What is the role of a bootloader, and why do you need one? Couldn't you just load the operating system kernel directly instead?
Overview
The bootloader is the first piece of code you can control running on your system, and the second piece of code that runs after reset. It is responsible for overseeing the tasks needed for the rest of the system to become functional. Due to its position in the boot process, it may have the only level of privilege appropriate for handling firmware updates. In some cases, it may also be combined with the operating system kernel.
Initialize DRAM
One of the most important roles for a bootloader on modern platforms is DRAM initialization. In my previous post, I mentioned that on new systems, the bootloader is often executed from SRAM, and therefore responsible for enabling DRAM. This approach is significantly more flexible for the developer, but at the cost of it now being required to implement.
Because the BootROM is no longer responsible for enabling DRAM, it is possible to make design choices such as encoding a number of possible timings into the bootloader's software, and then reading a small number of hardware configuration GPIOs or fuses to determine which timings to use.

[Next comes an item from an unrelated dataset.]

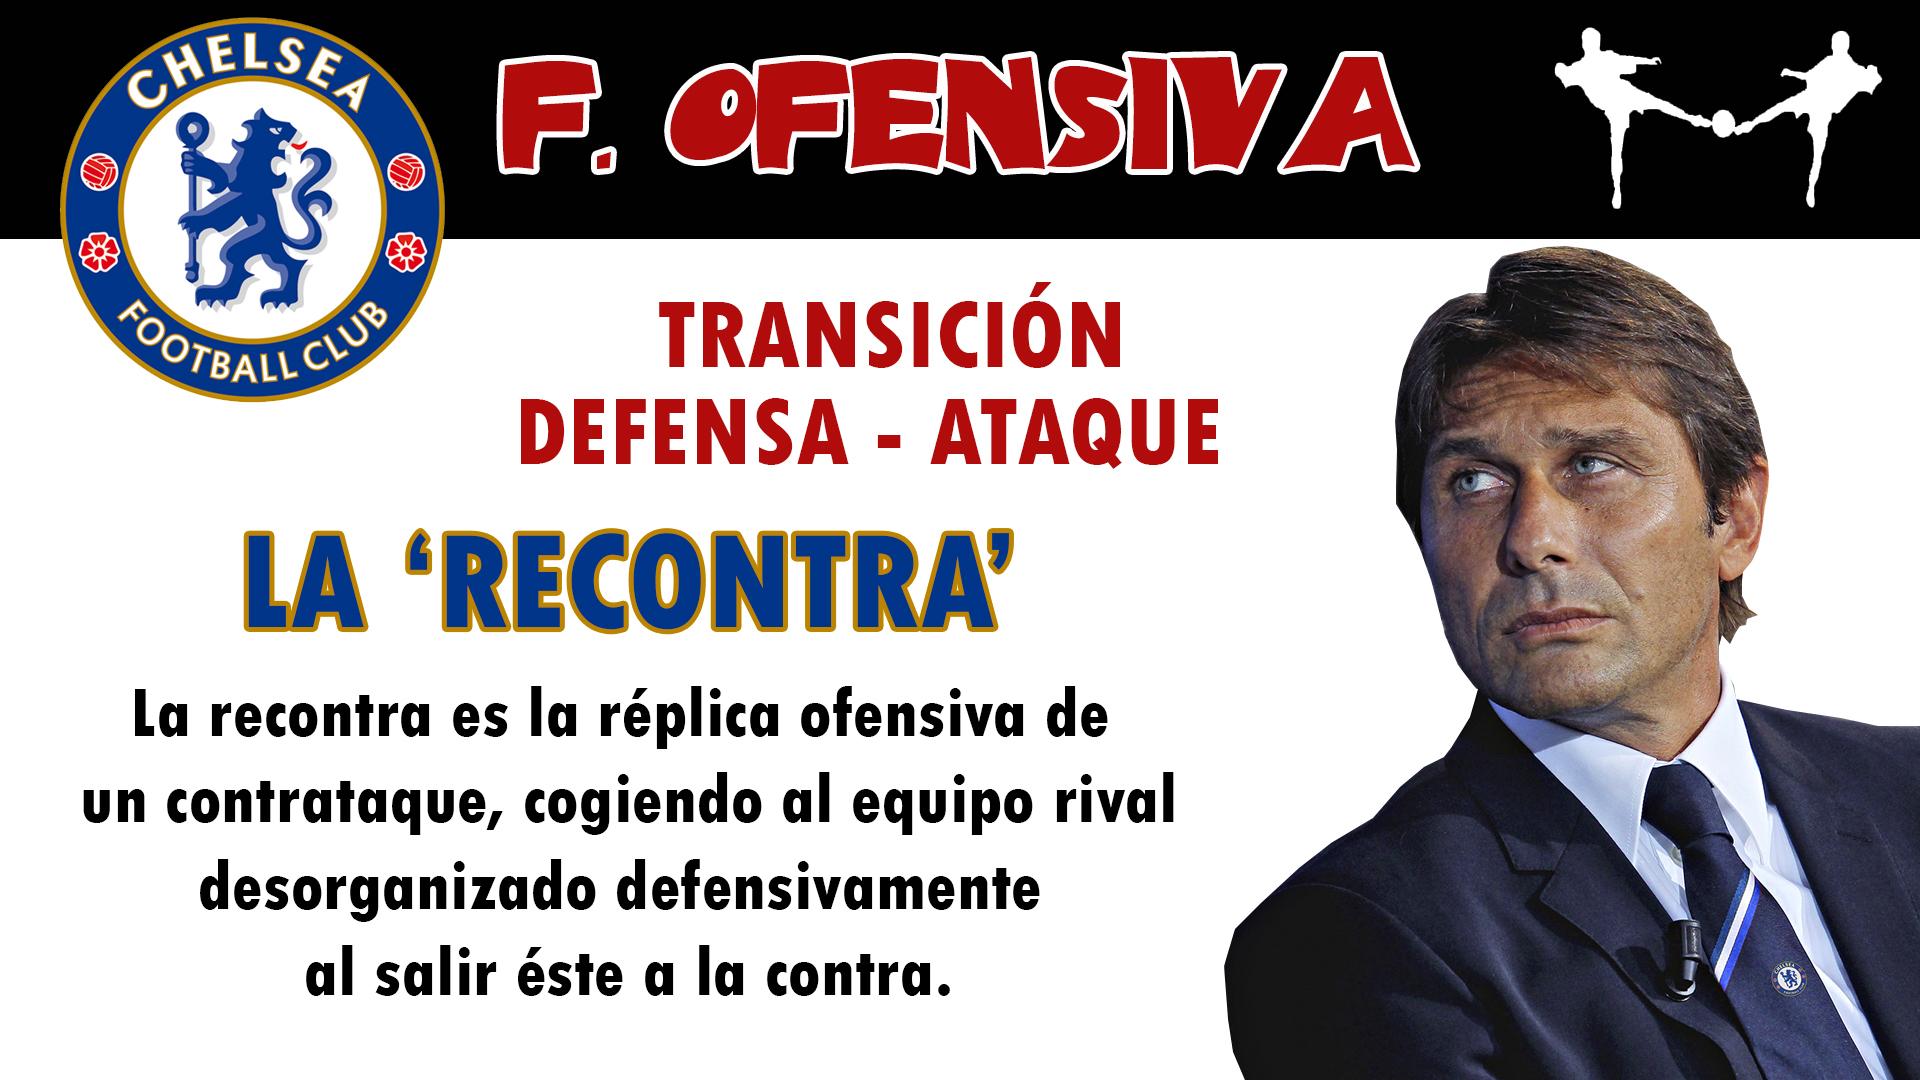 futbolcarrasco chelsea fc premier recontra contraataque analisis tactico

However, this comes with the drawback that the bootloader must fit into SRAM, and 128K may not always be enough to fit all of the boot logic. In that case, a second stage can be loaded into DRAM once it is initialized, with access to all of system memory instead of just the narrow SRAM window.
Initialize secure monitor
The initialization of the secure monitor should be done early in the boot process. This is because the operating system will depend on the secure monitor firmware for power management, and the secure monitor binary needs to occupy a specific region in physical memory.
The BootROM starts at the secure monitor privilege level, and installs its own call vectors to allow loading a new image. Enabling the secure monitor requires the bootloader to load code into a specific region in memory, and then execute a call back into the BootROM to replace the secure monitor. The new code will then run and return back into the bootloader, where the boot process can proceed as normal.
Firmware update and anti-rollback
The bootloader is likely to be involved in device firmware updates. Though userspace updates are preferred for file contents, it is common to add a mode to the bootloader to update a system, often over a USB device port. Such code must be handled with extreme care, as USB is a common source of vulnerabilities, on top of the requirement of verifying the update binary itself.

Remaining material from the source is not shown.